The current code path itself does not add any new distributed collectives; it only changes rank-local KV-cache layout and score computation.

MatoTeziTanka · 2026-04-11T20:14:18Z

[RETRACTED 2026-04-11] — This IMPORT_FAIL was a false positive. Root cause: sibling module exists in same records/ folder; runner sys.path bug. Your code is not broken. See correction below: #1154 (comment)

Community Review — Non-record: Polar STE QAT for structural weights

Compliance: NEEDS AUTHOR ACTION — train_gpt.py fails to import on CT2038 (Python 3.10 / torch 2.10.0+cpu)

What I found: The CPU smoke test on CT2038 (proteus-engine, 128 GB RAM, Triton 3.6.0, flash_attn stub, cutlass_evt_fusion stub) failed at the import step with:

ModuleNotFoundError: No module named 'triton_kv_ops'

A few of the common patterns I've seen for this class of error in the 2026-04-11 sweep:

PEP 701 f-string nesting — e.g. log(f" {cat}: {", ".join(...)}") is valid Python 3.12+ but invalid Python 3.10 because the inner ", " re-enters the outer double-quote context. One-character fix: ', ' instead of ", ". See PR Record: SP8192 + Improved Parallel Residuals + Muon 0.97 + LR 0.03 + Legal TTT — val_bpb 1.07785 (3-seed mean) #1541 / Record: SP8192 + Triple Recurrence + Banking + Fused MLP + Muon 0.97 — val_bpb 1.0778 (3-seed mean) #1523 for reference.
Missing flash_attn variants — e.g. from flash_attn_interface import flash_attn_varlen_func when the wrapper script only stubs flash_attn_func. Not a PR defect on H100s, but the eval image / CPU preflight path needs a guarded import.
Local compiled extension — e.g. import cutlass_evt_fusion from a records/*/cutlass_evt_fusion/ subfolder that isn't on the import path at smoke time. Usually an import-order issue inside the script.
Actual syntax error — typo, missing bracket, etc.

Recommendation: Could you run python3 -c "import py_compile; py_compile.compile('train_gpt.py')" on your records-folder train_gpt.py under Python 3.10 specifically? The eval image is Python 3.10 per Issue #17 / the README, so any parse error on 3.10 blocks the submission at import time before any of the scored-eval logic runs.

Once the parse/import issue is fixed, I'll re-run the compliance audit through the normal pipeline. No other flags identified yet because the audit halts at the import step.

Reviewed by @MatoTeziTanka — The Agora. CPU smoke test (CT2038 proteus-engine, 2026-04-11): IMPORT_FAIL — ModuleNotFoundError: No module named 'triton_kv_ops'. Classification via classify_prs.py AST-based classifier; full compliance audit deferred until the import issue is resolved. Auto-drafted from a template and spot-checked before posting.

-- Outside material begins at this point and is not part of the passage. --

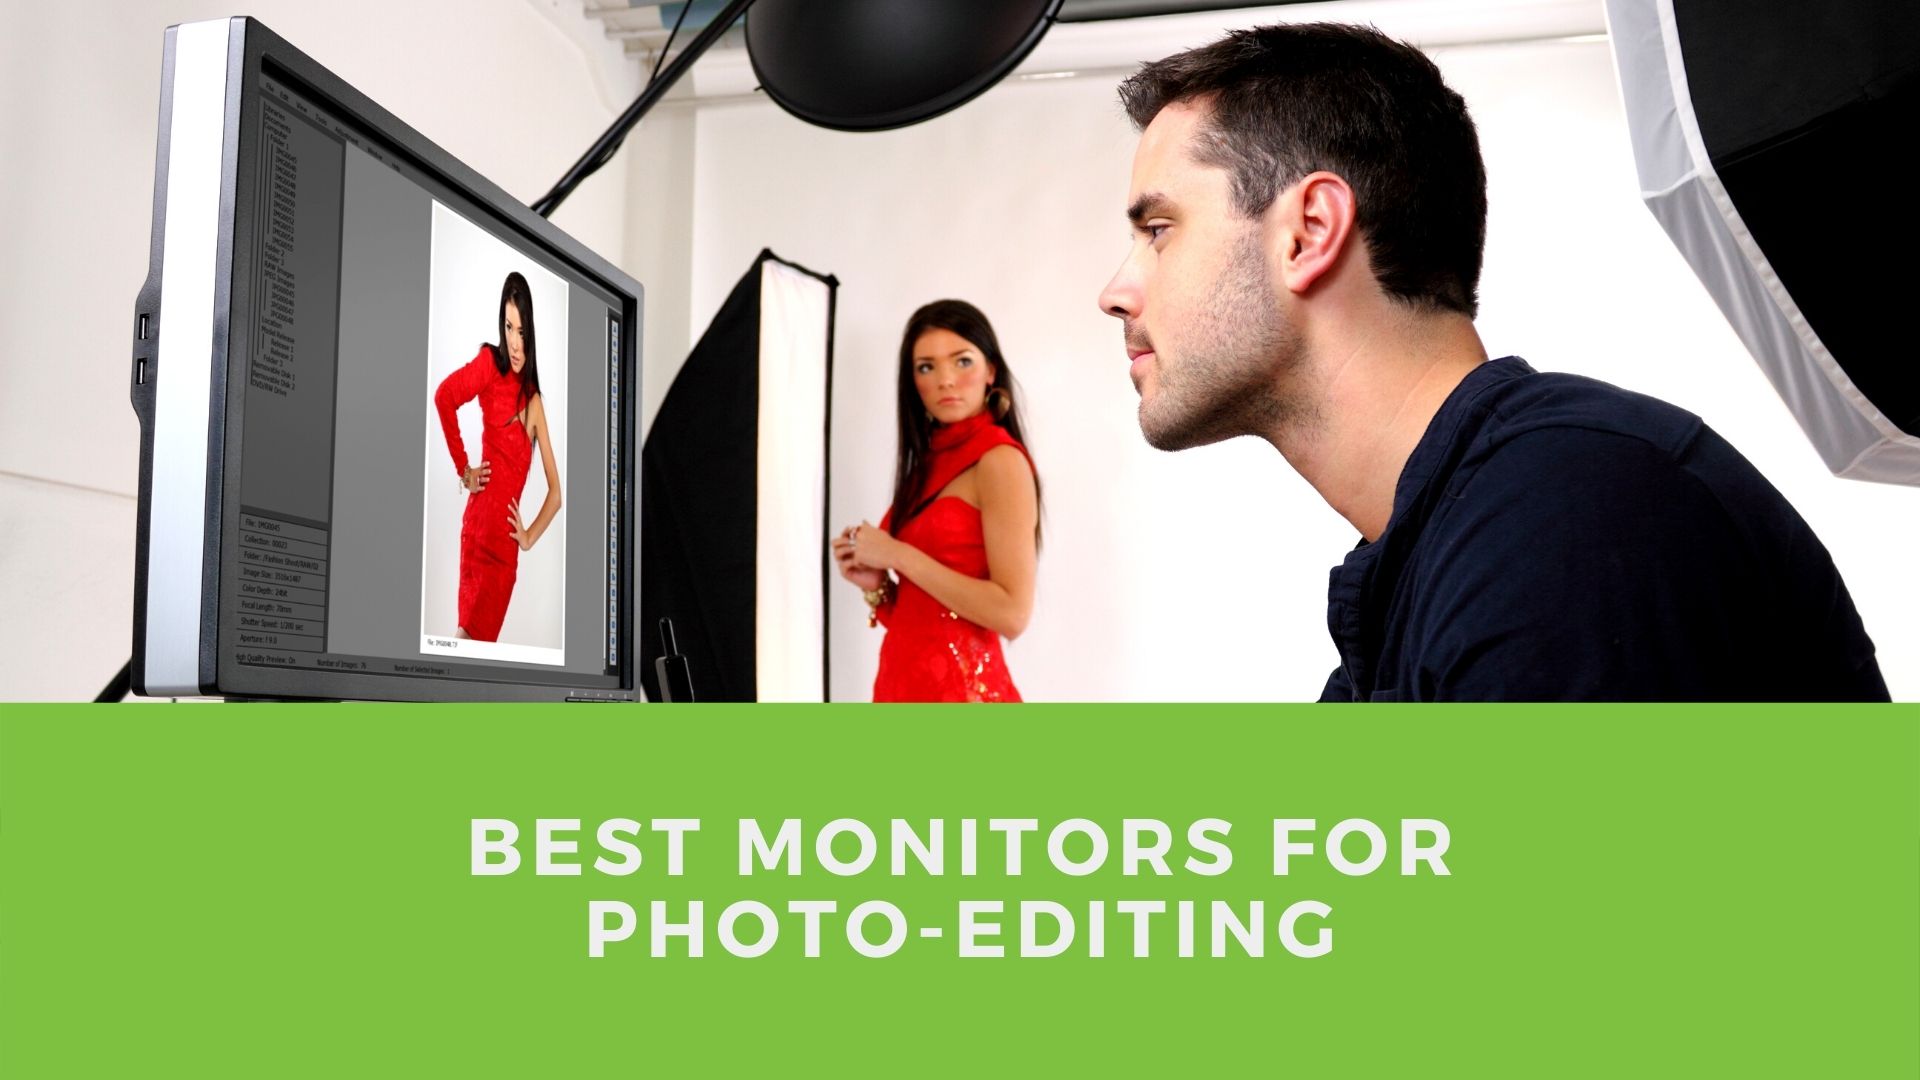 The Best Monitors for Photo Editing
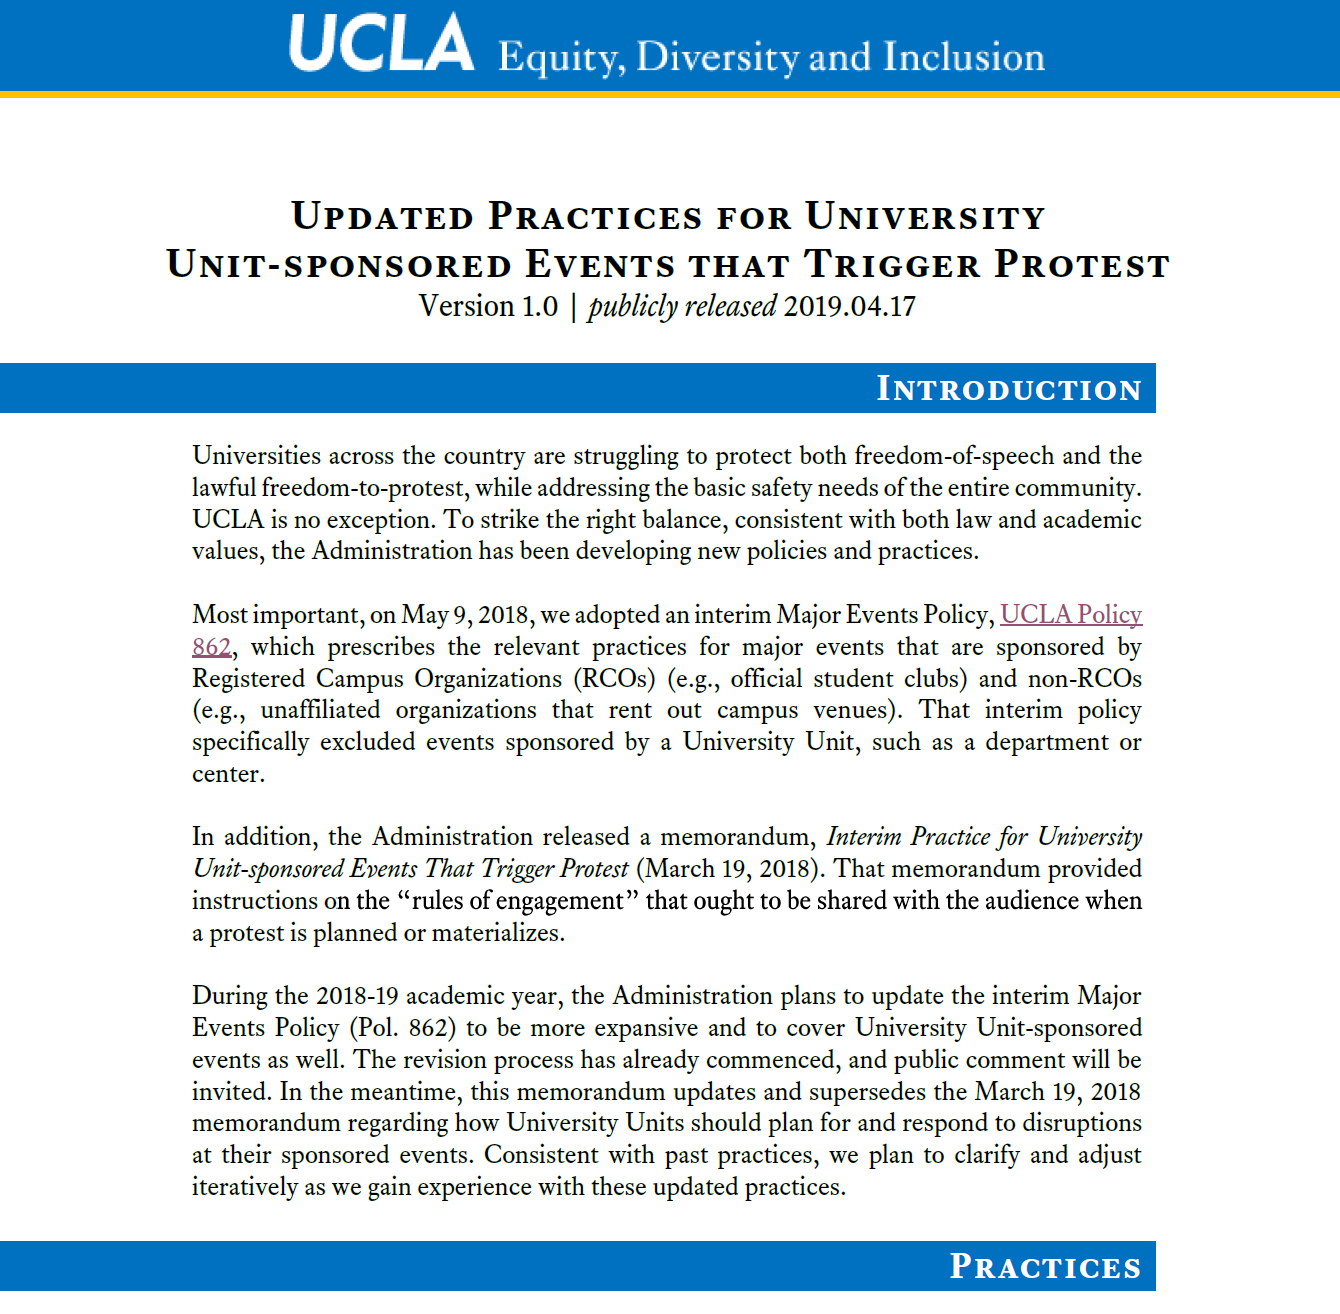 Cover sheet of Updated Practices for University Unit-Sponsored Events That Trigger Protests document

MatoTeziTanka · 2026-04-11T21:51:21Z

Retraction — this IMPORT_FAIL was a bug in my smoke runner

Sorry @LucasErcolano, this one's on me. I re-audited the IMPORT_FAIL I posted above and it was a false positive — the fault is in how my CPU smoke runner set up sys.path, not in your code.

What happened:

The runner imported your records/track_non_record_16mb/2026-03-30_KVCache_QJL_Polar_Turbo_1x3090/train_gpt.py with only the script's folder implicitly on sys.path, so when your file did from triton_kv_ops import ... it couldn't resolve the sibling triton_kv_ops.py that lives in the same 2026-03-30_KVCache_QJL_Polar_Turbo_1x3090/ directory. The error I reported — ModuleNotFoundError: No module named 'triton_kv_ops' — looked like a missing file, but I re-checked the head SHA 97f028f and records/track_non_record_16mb/2026-03-30_KVCache_QJL_Polar_Turbo_1x3090/triton_kv_ops.py is right there, committed to the PR, next to train_gpt.py.

Verified at head 97f028f:

records/track_non_record_16mb/2026-03-30_KVCache_QJL_Polar_Turbo_1x3090/triton_kv_ops.py   ← sibling module, exists
records/track_non_record_16mb/2026-03-30_KVCache_QJL_Polar_Turbo_1x3090/train_gpt.py   ← imports it

On the real eval image (Python 3.10, records/*/ as the working dir), this import resolves correctly because the records folder ends up on sys.path via the standard cwd-driven import or via the eval harness's per-record entry point.

Your PR is not broken by this error. I'm retracting the IMPORT_FAIL classification. I'll re-queue the full compliance audit (BPB check, n-gram / TTT / SLOT flags, etc.) on the current head and post findings separately.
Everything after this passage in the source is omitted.